How are you going about to predict categories of images from a test directory? One option is to use a loop and grab files one by one, but this seems slow. A better idea is to use a generator and them let the files flow through it in batches. In a test directory we don’t have subdirectories (we don’t know the classes), but this method in keras does require you to have subdirectories. As a quick fix, what I do is copy the test folder into a pretest folder, and then point the generator to pretest. And it does work well.
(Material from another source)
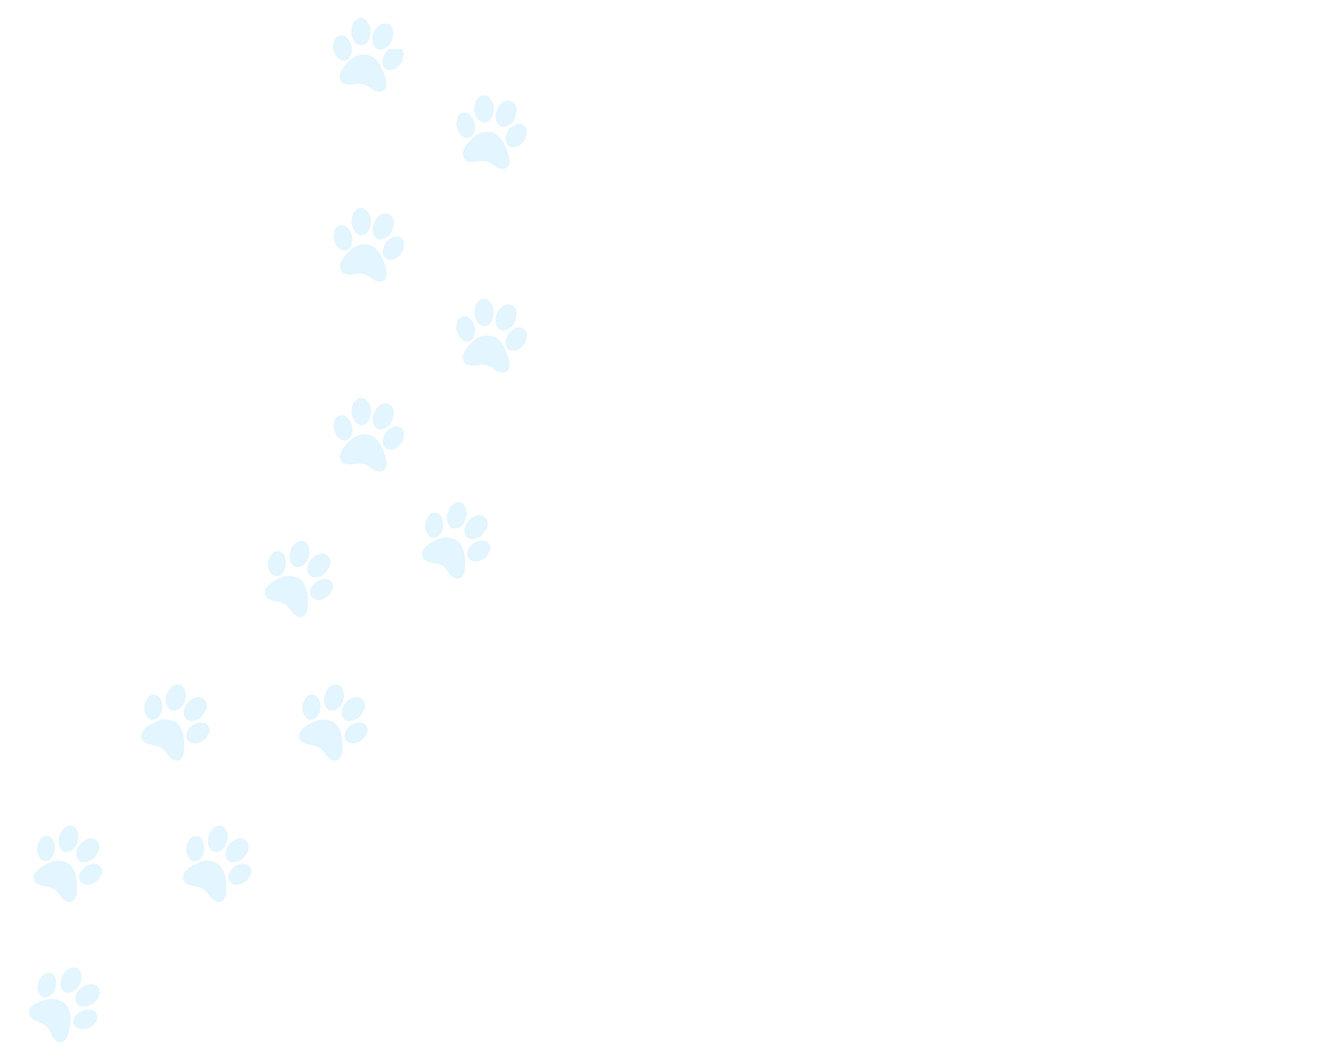 Background Web Paw Prints Blue.jpg

But is there any less hackish way of efficiently calculating a large number of predictions from a directory? (I’m at lesson 4, and having a try at the fisheries competition) I also want to avoid loading everything into an X_test array and feeding it to the model, as I guess that would be less efficient.
Try dask array and dask delayed for processing image -> np array.
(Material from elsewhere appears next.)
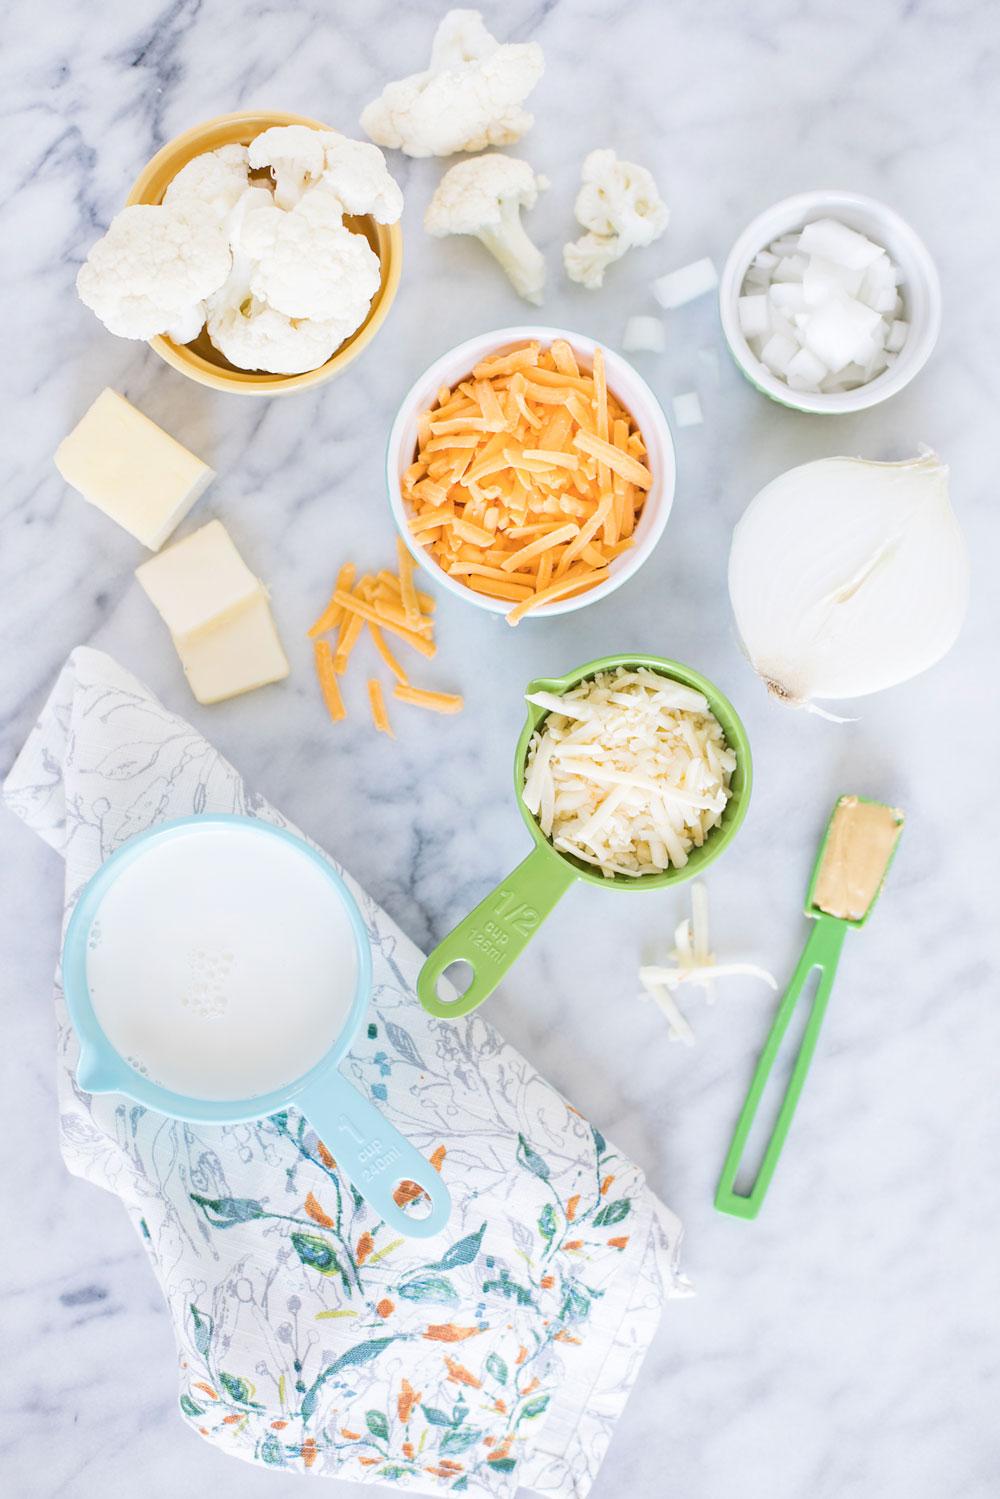 Creamy Cauliflower Cheese Soup Ingredients

For prediction, you don’t need to worry about augmentation (usually).
You can actually run model.predict(X) directly on a dask array IIRC.
That said, it’s a lot easier just to create a subfolder.
import dask.array as da
import numpy as np
from dask.delayed import delayed
from scipy.misc import imread, imresize
from glob import glob
sharks = glob('/data/the-nature-conservancy-fisheries-monitoring/train/SHARK/*')
@delayed
def preproc(fp):
img = imread(fp)
return imresize(arr=img, size=(256,256))
dsets = [da.from_delayed(preproc(fp), shape=(256,256,3), dtype=np.float32) for fp in sharks]
# you can now treat this almost like a normal array
# e.g. In model.predict()
a = da.stack(dsets)
a.shape